Devenir une ligue exportatrice

Cet exemple illustre l’exception sportive du football aux Etats-Unis, à cheval entre deux cultures. De 1996 à 1999, il était impossible d’assister à une rencontre de MLS sans avoir vu les filets trembler. Les matchs nuls se concluaient par une séance de tirs au but façon NHL, où le tireur démarrait des 30 mètres pour tenter d’aller battre le gardien.

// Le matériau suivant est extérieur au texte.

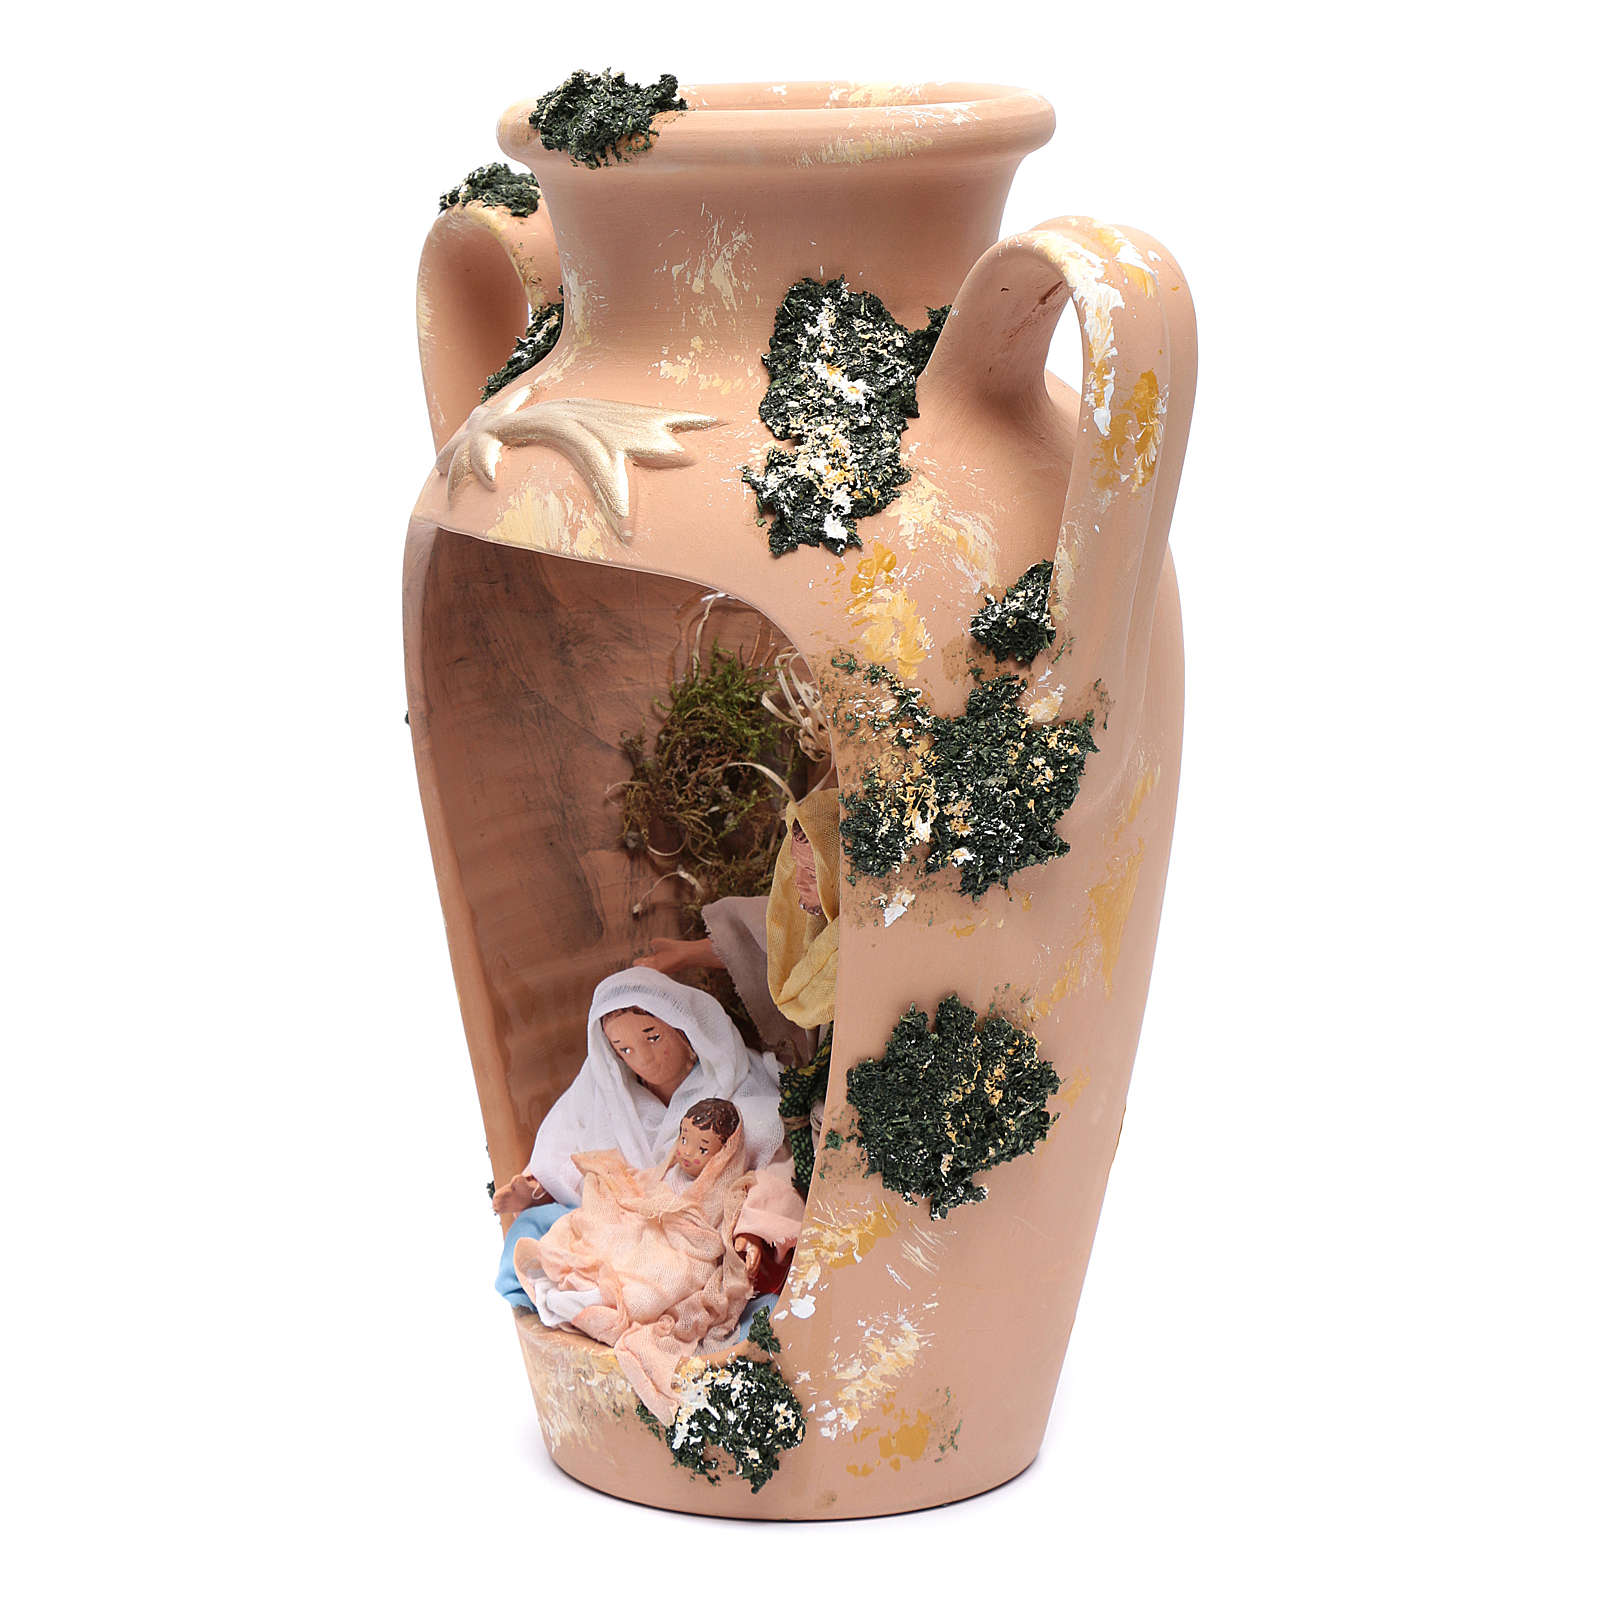 Natività 16 cm nel vaso a due manici terracotta Deruta 35 cm 4

Vingt ans plus tard, la ligue a évolué, mais le soccer est toujours en cours de métissage culturel. Don Garber a accentué le processus en 2015 avec une nouvelle orientation stratégique pour la ligue. Connue pour attirer de vieilles gloires européennes, la MLS s’érige désormais en ligue exportatrice de joueurs. Le champion en titre Atlanta United montre la voie. Sa politique est claire, mettre de jeunes joueurs sud-américains en vitrine afin de les revendre.

Darren Eales, son président, l’expliquait dès 2014 avant même que le club n’ait joué son premier match en MLS. «Avec les joueurs plus vieux, il n’y a aucun avantage parce qu’ils sont à la fin de leur carrière. Signer un jeune joueur pour plusieurs années offre la possibilité que les plus gros transferts se remboursent, ou même d’obtenir 20 à 30 millions sur un achat.» Cet hiver, Atlanta a vendu l’attaquant paraguayen Miguel Almirón à Newcastle pour 28 millions de francs (plus gros transfert de l’histoire de la ligue), deux ans après l’avoir acheté 20 millions à Lanus (Argentine).

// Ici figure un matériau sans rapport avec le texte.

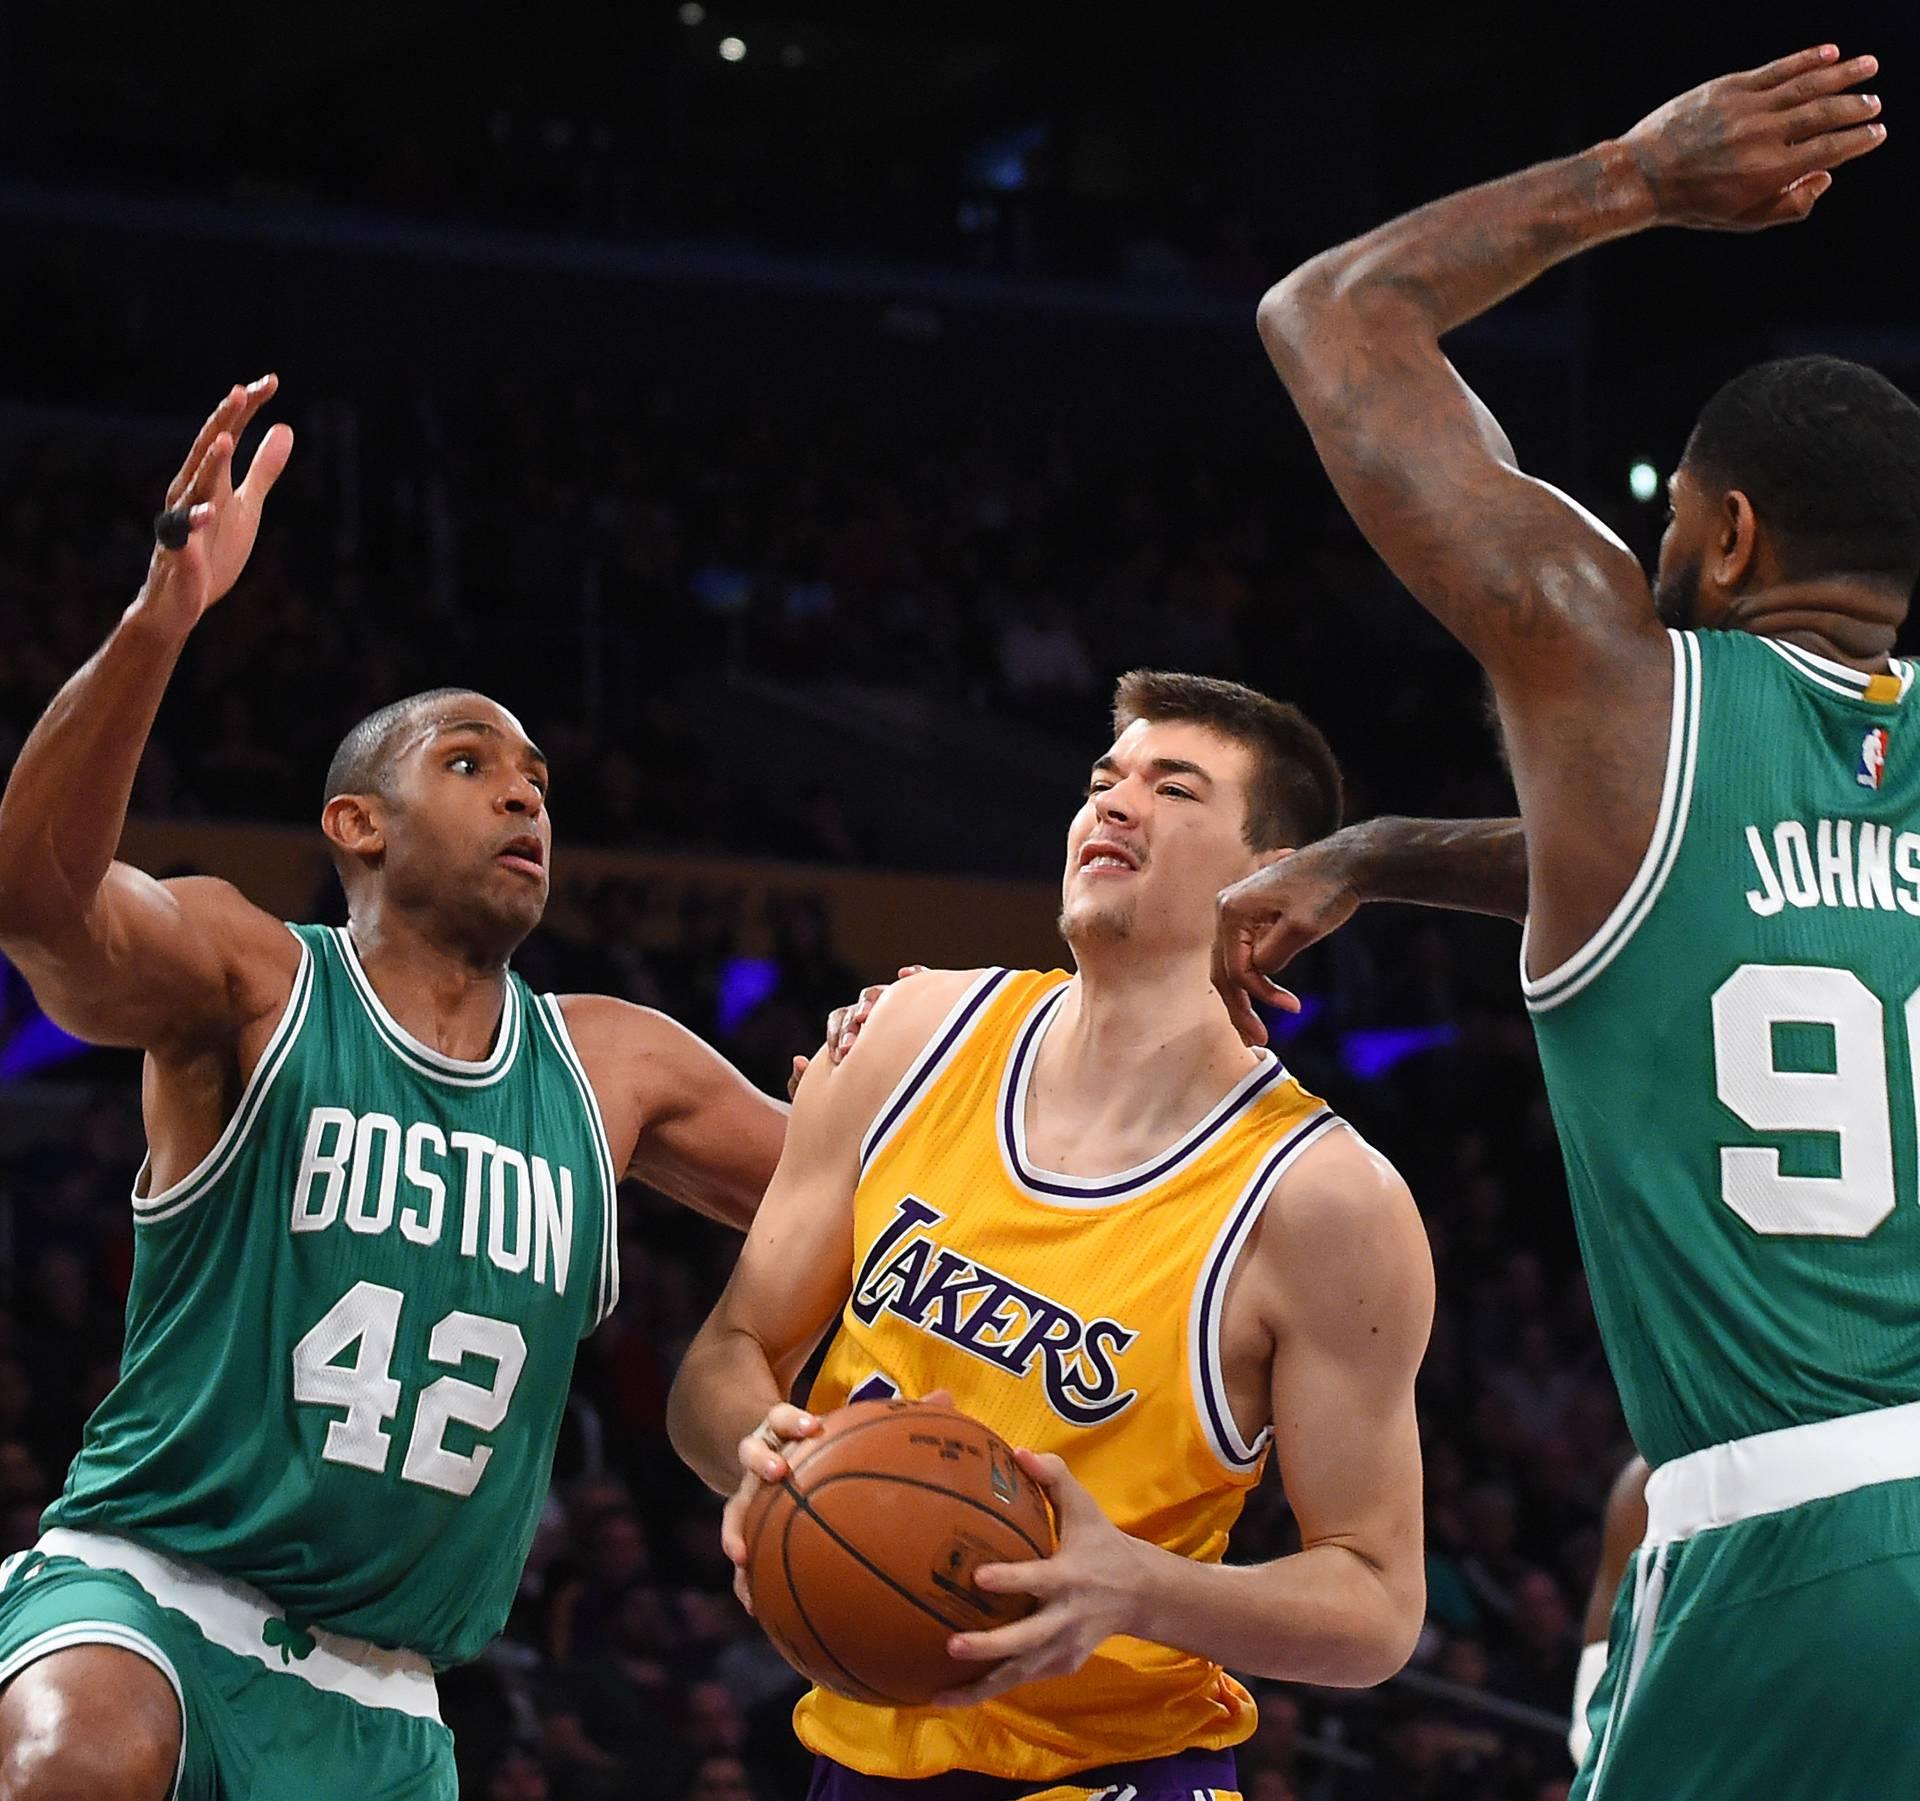 NBA: Boston Celtics at Los Angeles Lakers

L’européanisation du sport US

Les clubs américains sont désormais tous dotés d’académies, dont les premiers résultats sont visibles. Alphonso Davies (18 ans) et Tyler Adams (20 ans), pas 40 ans à eux deux, ont respectivement atterri au Bayern Munich et au RB Leipzig cet hiver. Depuis 2008, la Homegrown Player Rule (règle des joueurs formés au club) permet aux joueurs issus des centres de formation d’intégrer directement les effectifs des clubs de MLS, alors qu’ils devaient auparavant passer par le peu compétitif championnat universitaire, puis la draft. Avec la MLS, les Etats-Unis ont également découvert les ultras et leurs tifos.

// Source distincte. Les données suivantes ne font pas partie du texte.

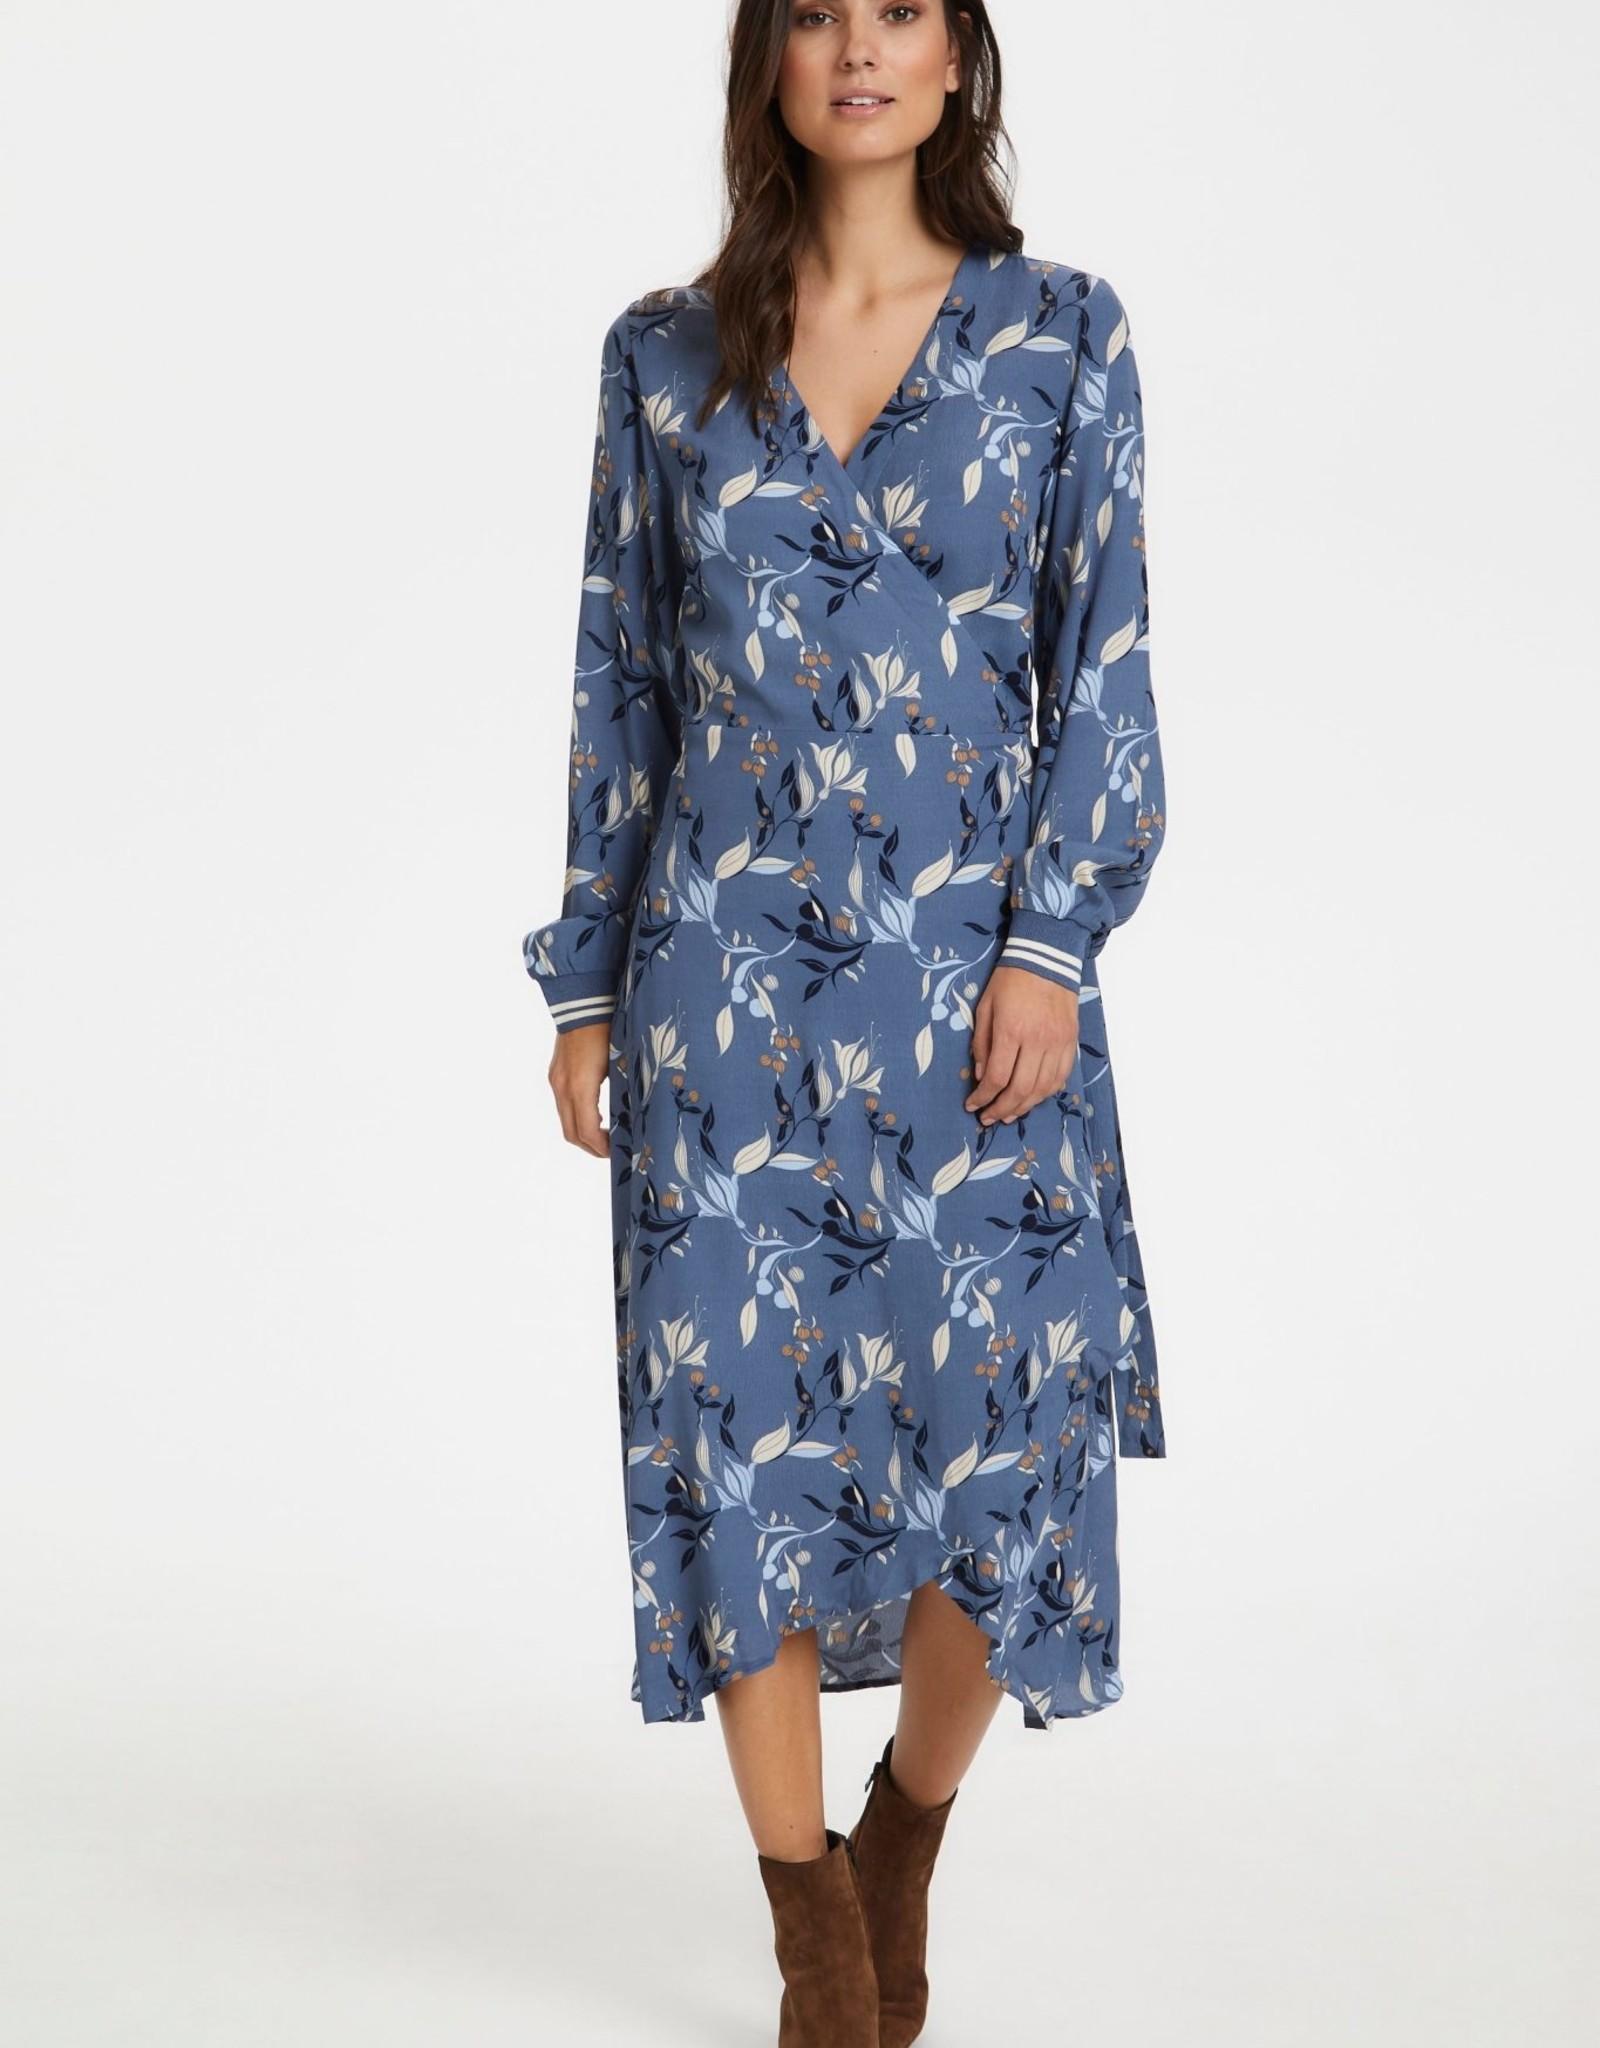 PART TWO The Berbel Dress

Les précédentes tentatives d’implantation du soccer aux Etats-Unis ont échoué parce que ses promoteurs tentaient d’américaniser le football. On se rend compte aujourd’hui que c’est plutôt le football qui européanise le sport américain. A Columbus, le capitaine et joueur du cru s’appelle Wil Trapp. Il célébrait fin décembre sur Twitter le maintien de son club de toujours dans sa ville. «Je n’avais rien dit jusqu’à maintenant, mais vous les gens de Columbus vous avez sauvé le Crew. Je ne pourrais être plus fier de vos efforts, de votre persévérance, et de votre foi dans les circonstances les plus sombres.»